The international system is undergoing "feudalisation" as great powers build regional orders. China should champion the free trade and multilateralism America has abandoned.

Ma Xiaoye Academy for World Watch, Shanghai

The post-free-trade era will feature "managed trade" with framework agreements setting volumes by product category. The post-war US-centred order is reversing.

Jin Canrong Renmin University

The system faces "World minus 1" (US withdrawal), not "China plus 1" competition. China risks repeating American mistakes if it simply assumes a hegemonic role.

Wu Baiyi CASS Institute of Latin American Studies

US "super financial imperialism" is unravelling. Structural foundations for de-dollarisation are being laid through currency swaps, digital currencies, and alternative payment systems.

Wang Jisi Peking University

A rare opening exists for US-China "new normalisation" beginning with Taiwan de-escalation. The Fourth Plenum emphasis on openness echoes Deng's strategy.

Chen Wenling China Center for Intl. Economic Exchanges

China must articulate economic "red lines" on overseas investment, trade with sanctioned states, supply chains, and sea lane access. The current moment is a window of leverage.
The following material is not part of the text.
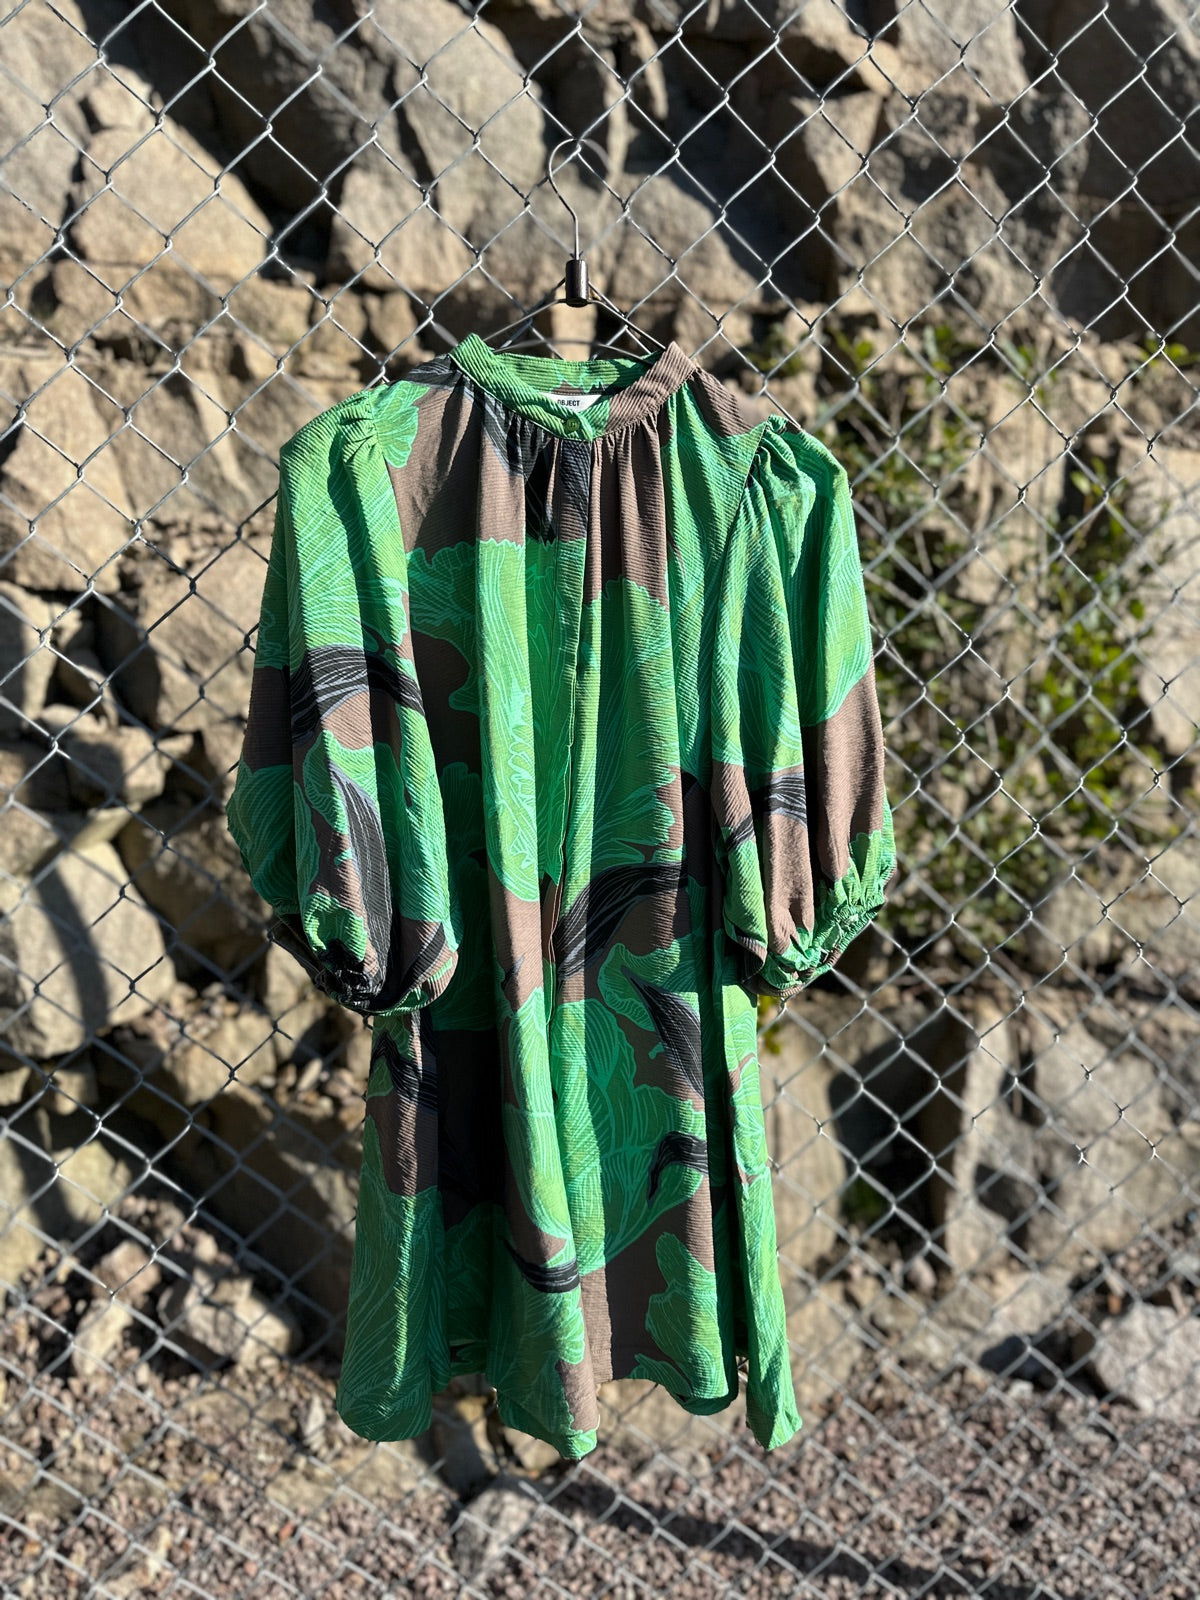 Objribini Short Dress Fossil Fair Green

Zhou Bo Tsinghua University

Europe's anti-China pressure campaign has failed. China could lead a Global South-majority peacekeeping force for a Ukraine ceasefire.

Niu Xinchun Ningxia University

The US-Iran impasse is structurally "irresolvable." The conflict is a regional "mini-Cold War" fusing great power competition with ideological opposition.

Li Xunlei Zhongtai Securities

China's global export share will reach ~17% by 2030. It remains the "terminal station of global manufacturing transfer" with irreplicable supply chains.

Zhang Jian CICIR

Europe must abandon its NATO obsession for genuine independence. NATO expansion worsened security, limited independence, and heightened internal tensions.

Cai Fang Chinese Academy of Social Sciences

AI deepens unemployment by accelerating a "reverse-Kuznets process." Calls for decoupling remuneration from productivity via redistribution.

Xia Bin Nankai University

China remains a "financially weak nation." Pursue RMB regionalisation through offshore markets — not premature full capital account liberalisation.